Class of reduction–oxidation proteins

Thioredoxin (TRX or TXN) is a class of small redox proteins known to be present in all organisms. It plays a role in many important biological processes, including redox signaling. In humans, thioredoxins are encoded by TXN and TXN2 genes. Loss-of-function mutation of either of the two human thioredoxin genes is lethal at the four-cell stage of the developing embryo. Although not entirely understood, thioredoxin is linked to medicine through their response to reactive oxygen species (ROS). In plants, thioredoxins regulate a spectrum of critical functions, ranging from photosynthesis to growth, flowering and the development and germination of seeds. Thioredoxins play a role in cell-to-cell communication.

==Occurrence==
They are found in nearly all known organisms and are essential for life in mammals.

== Function ==
The primary function of thioredoxin (Trx) is the reduction of oxidized cysteine residues and the cleavage of disulfide bonds. Multiple in vitro substrates for thioredoxin have been identified, including ribonuclease, choriogonadotropins, coagulation factors, glucocorticoid receptor, and insulin. Reduction of insulin is classically used as an activity test. The thioredoxins are maintained in their reduced state by the flavoenzyme thioredoxin reductase, in a NADPH-dependent reaction. Thioredoxins act as electron donors to peroxidases and ribonucleotide reductase. The related glutaredoxins share many of the functions of thioredoxins, but are reduced by glutathione rather than a specific reductase.

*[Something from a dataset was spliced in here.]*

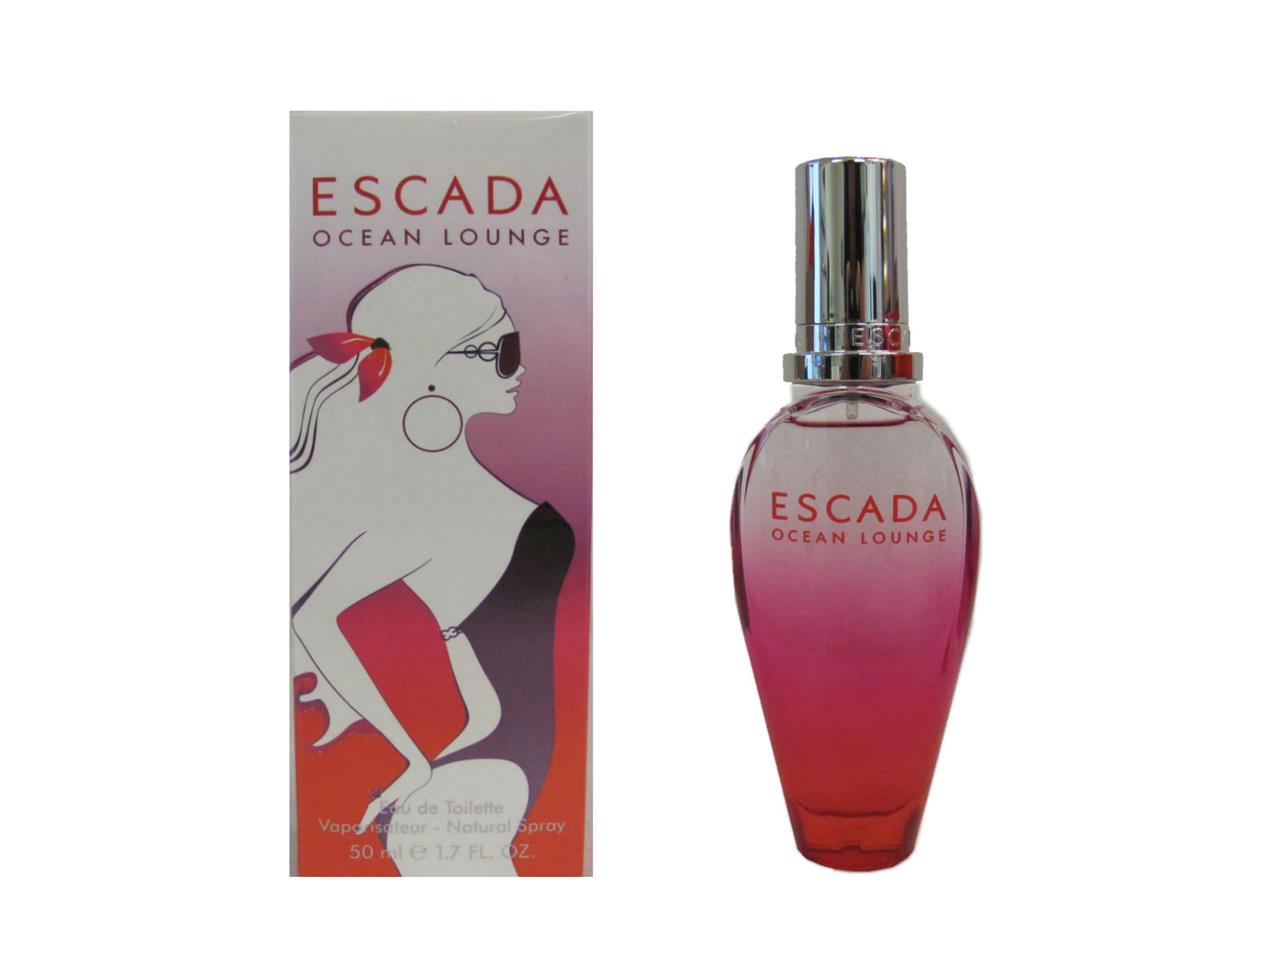 ESCADA OCEAN LOUNGE by Escada 1.7 Oz Eau de Toilette Spray Women (New ...

==Structure and mechanism==
Thioredoxin is a 12-kD oxidoreductase protein. Thioredoxin proteins also have a characteristic tertiary structure termed the thioredoxin fold. The active site contains a dithiols in a CXXC motif. These two cysteines are the key to the ability of thioredoxin to reduce other proteins.

For Trx1, this process begins by attack of Cys32, one of the residues conserved in the thioredoxin CXXC motif, onto the oxidized group of the substrate. Almost immediately after this event Cys35, the other conserved Cys residue in Trx1, forms a disulfide bond with Cys32, thereby transferring 2 electrons to the substrate which is now in its reduced form. Oxidized Trx1 is then reduced by thioredoxin reductase, which in turn is reduced by NADPH as described above.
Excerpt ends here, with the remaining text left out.